Market reaction creates risks and potential opportunities
Although these extraordinary measures show regulators’ concern around the risk of financial contagion, the efforts stopped short of guaranteeing deposits for the banking industry as a whole. In response, bank stock prices continued to be under significant pressure on Monday as investors worked to digest the rapid flow of news.
Some depositors clearly remain unsettled, which could lead to pressure on deposits with balances over $250,000 as they seek stability with banks believed to be safer; however, the steps by the Fed have provided banks with new tools to manage through today’s potential liquidity challenges.
We also feel that the volatility is creating investment opportunities for an industry that’s generally characterized by well-capitalized companies with limited delinquencies and strong balance sheets. The market action is creating dispersion among select bank stocks, with some seeing additional selling pressure and others seeing stabilization.
In our view, many of the issues faced by the now-shuttered banking entities are likely specific to these institutions due to their high concentration in industries that were facing significant funding, regulatory, or legal pressures. Some banking stocks that are coming under pressure today don’t face that same issue, having customer bases that are diversified across many industries, which reduces their liquidity risk. Additionally, we believe that most banks have assets that have benefited from higher interest rates.
Undoubtedly, deposit pricing pressure accelerated in the fourth quarter as the Fed continued to raise rates. We also expect there to be industry consolidation as some competitors are taken out of the market.
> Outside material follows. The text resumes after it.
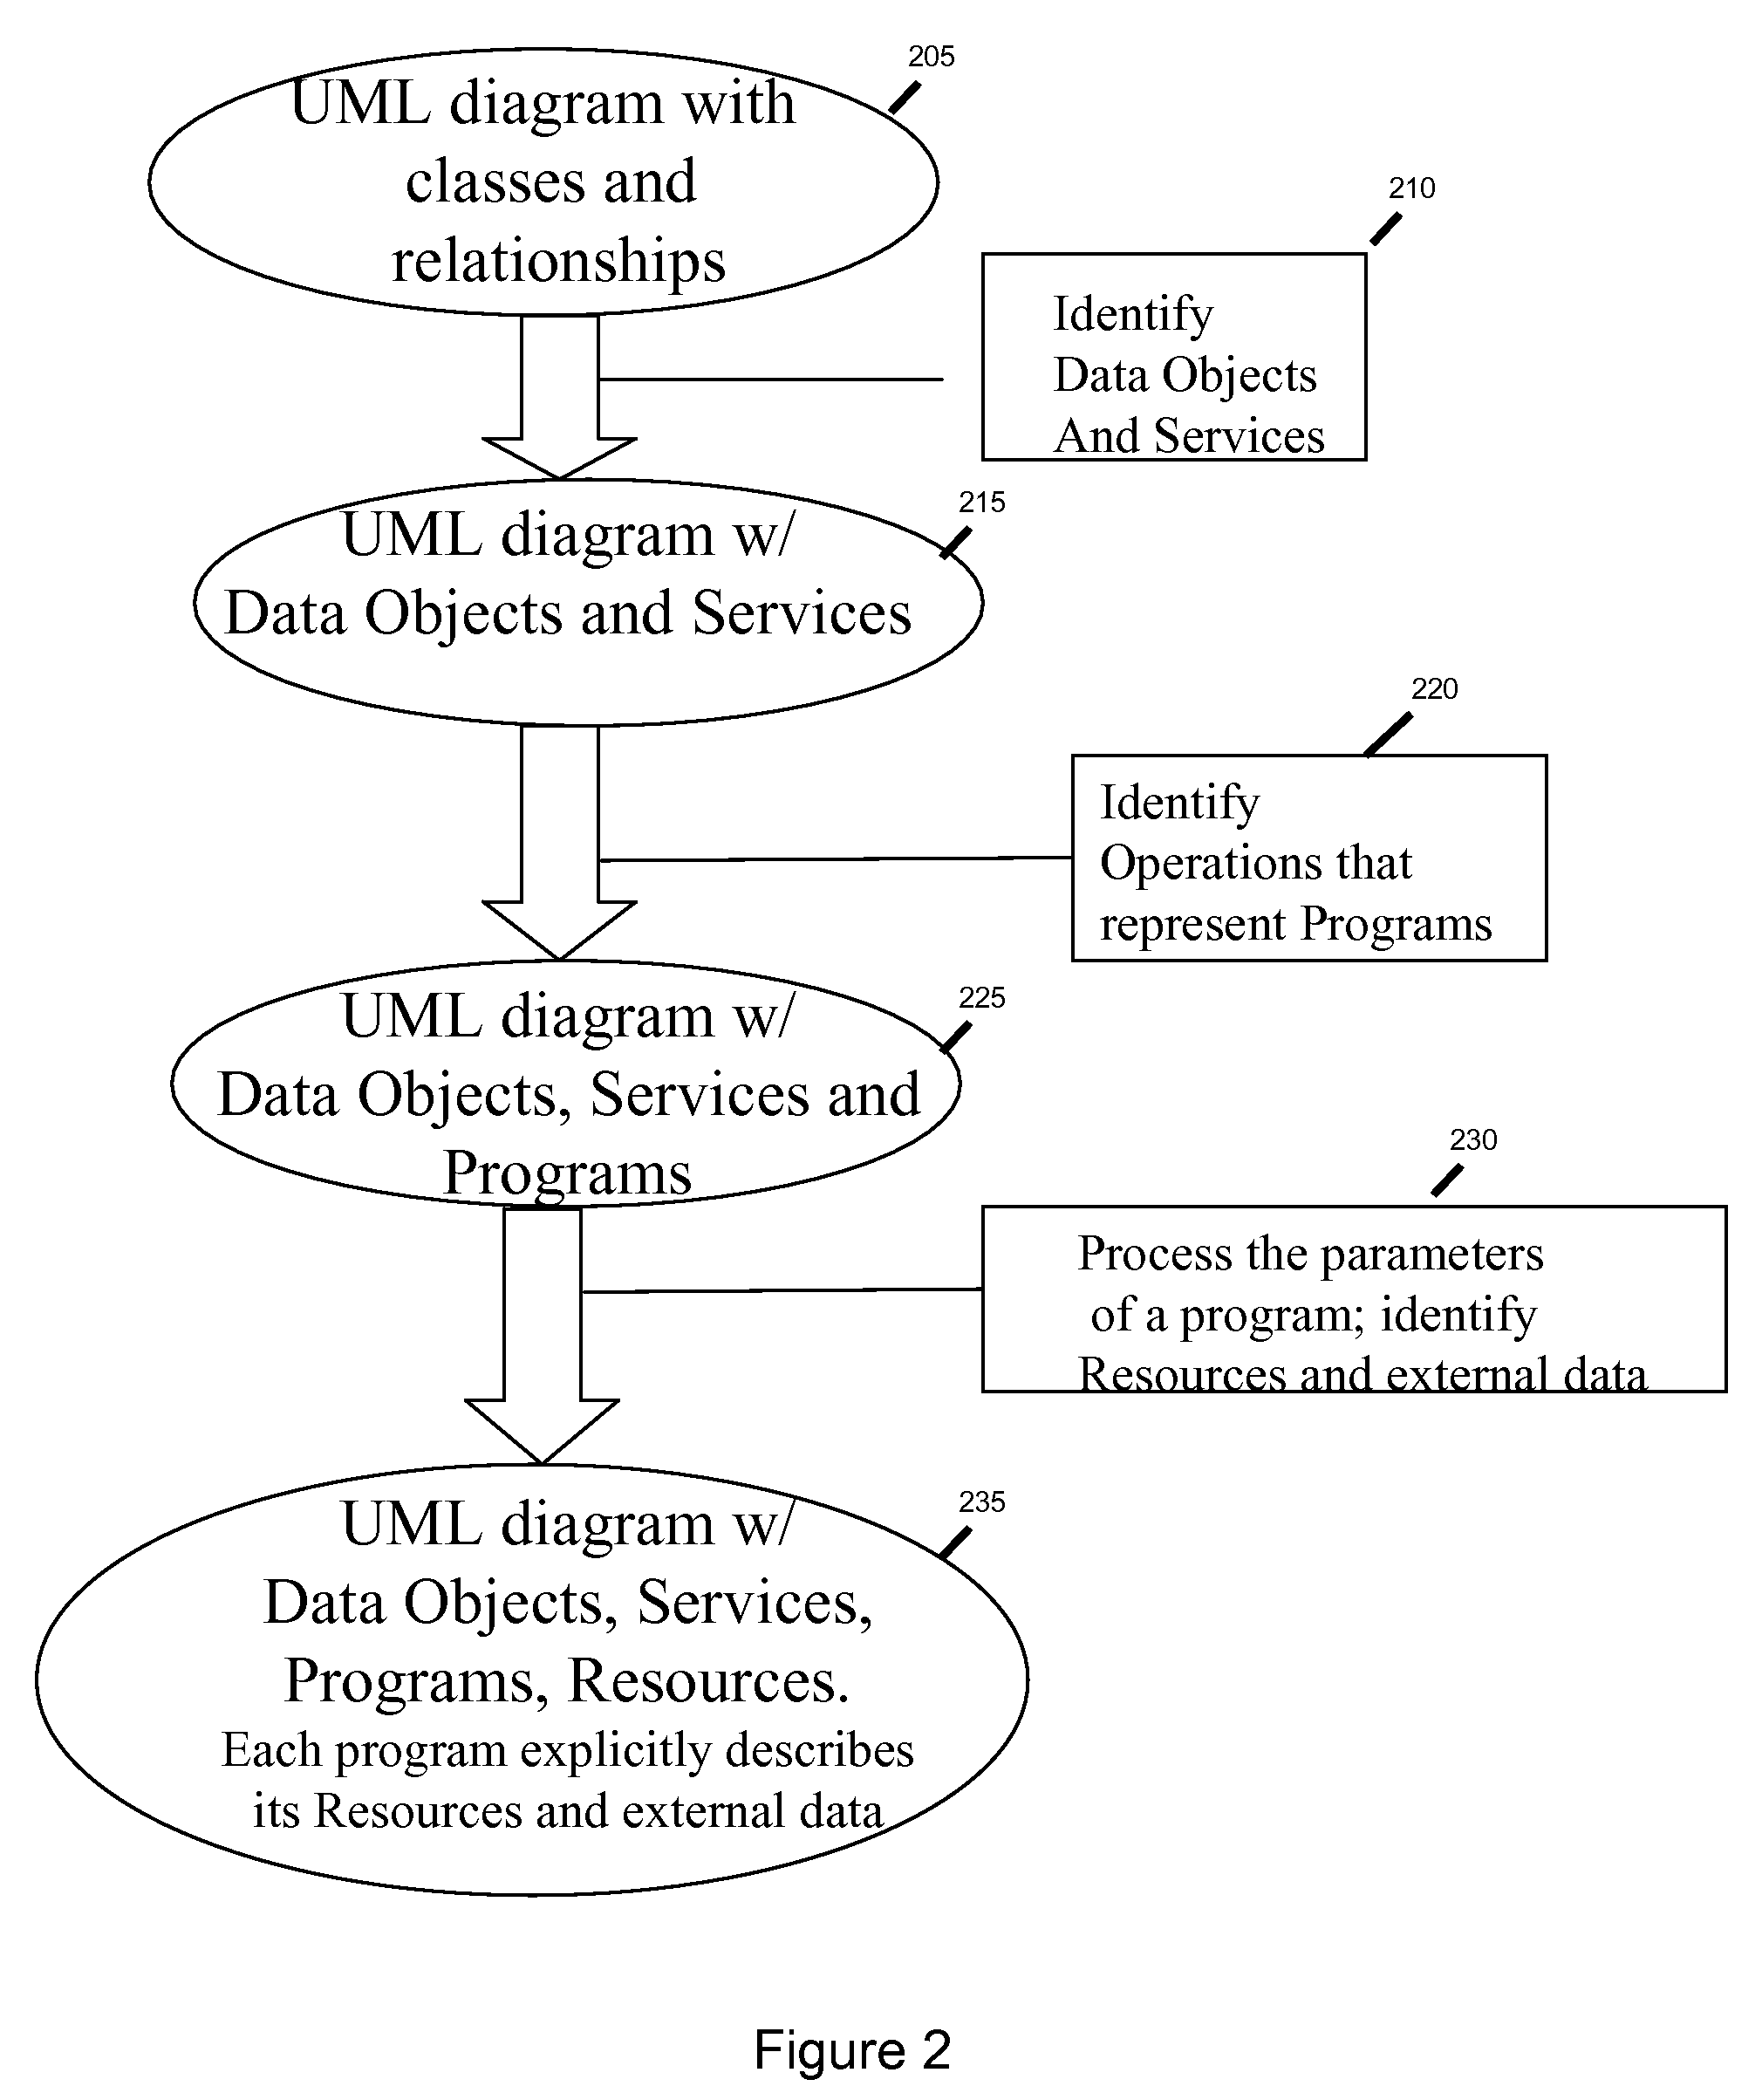 Method and system to modelize resources and external data of a program for procedural language coding

Although we can’t say for certain how long investor concerns around regional banks might persist, we believe this spate of volatility presents an opportunity to allocate toward well-capitalized institutions that have rate-hedged portfolios and a diverse deposit base. In our view, banks that can maintain a strong liquidity profile and benefit from the higher rate environment have the potential to generate a strong return on equity.